Questions and Answers about the Proposed Healthcare Reform Act
Congress continues to debate healthcare reform act at the writing of this column. Conceptually, it is important to understand some of the key components of what is being discussed and how it will affect you. This is the time, if you are so inclined, to write or call you Senators and Representatives.
Some politicians are promoting a “public plan” as an alternative, or in addition to the private insurance that now exists. Some say a public plan would offer people a lower cost way of having insurance, but it is important to understand some basics of how the healthcare and insurance systems now work.

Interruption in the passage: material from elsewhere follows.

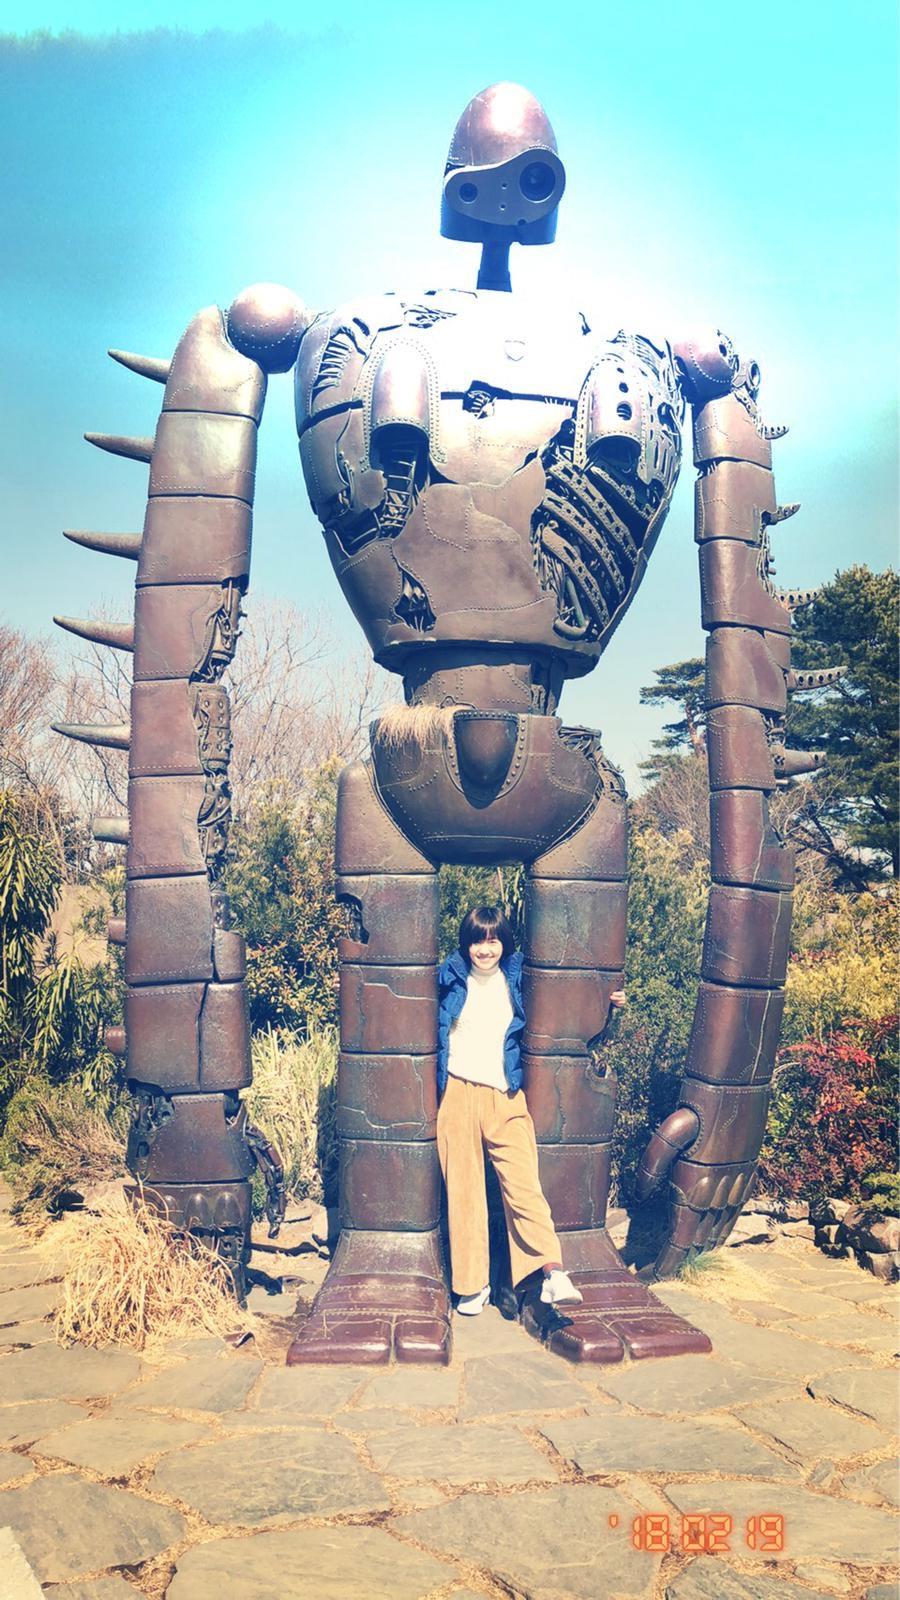 ▲宮崎駿的吉卜力美術館,讓嚴正嵐印象深刻,覺得非常有趣。

There are currently three examples of a public plan, namely Medicare, Medicaid, and healthcare through Veteran’s Administration. The VA has no competition and is overseen by the government. Recently, the VA released information that 10,000 people in the Southeastern states having colonoscopies and other endoscopic procedures may have been exposed to hepatitis and HIV. The VA knows of 6 of these patients testing positive for HIV, 34 for hepatitis C, and 13 for hepatitis B. If you want more information Google “VA colonoscopy”. While VA coverage is a blessing to many, this is not the quality healthcare most Americans expect.
Medicare is provided to people over age 65 who have worked and paid into Medicare for 40 credits (quarters), been married for at least 10 years to someone with 40 credits, or qualify by disability. What many people do not know is that the Centers of Medicare and Medicaid Services (CMS) sets the Medicare fee schedule for reimbursement for medical expenses incurred. Specifically, CMS states the terms and reimbursements made to medical providers by Medicare. So how does that affect people on Medicare or you?
This affects you in two ways. First, as providers accept lower payments for services to Medicare patients, they “shift” their business costs and charge insurance companies a greater fee for the same service. To see Medicare’s discounted fee, look at a Medicare Explanation of Benefits and see the difference between “Amount Charged” and Medicare Approved”. While insurance companies also negotiate fees, they cannot match the lower fee CMS establishes. So why is it bad if all people have this low negotiated fee? If fees are set lower by a proposed public plan, more people would use this plan for insurance because it should have a lower premium, initially. After a short time, most private insurance companies would not be able to compete and would discontinue offering private insurance. Therefore, all that would exist would be public insurance and providers would no longer be able to shift costs. That would cause providers to have less gross income due to reduced fee schedules paid by the public plan and something would need “to give” for the providers to stay in business. Either fee schedules would need to be increased (more taxes), the patient (you) pay more of your medical expense, care would need to be rationed to save money, or the quality of medical care and providers would decrease.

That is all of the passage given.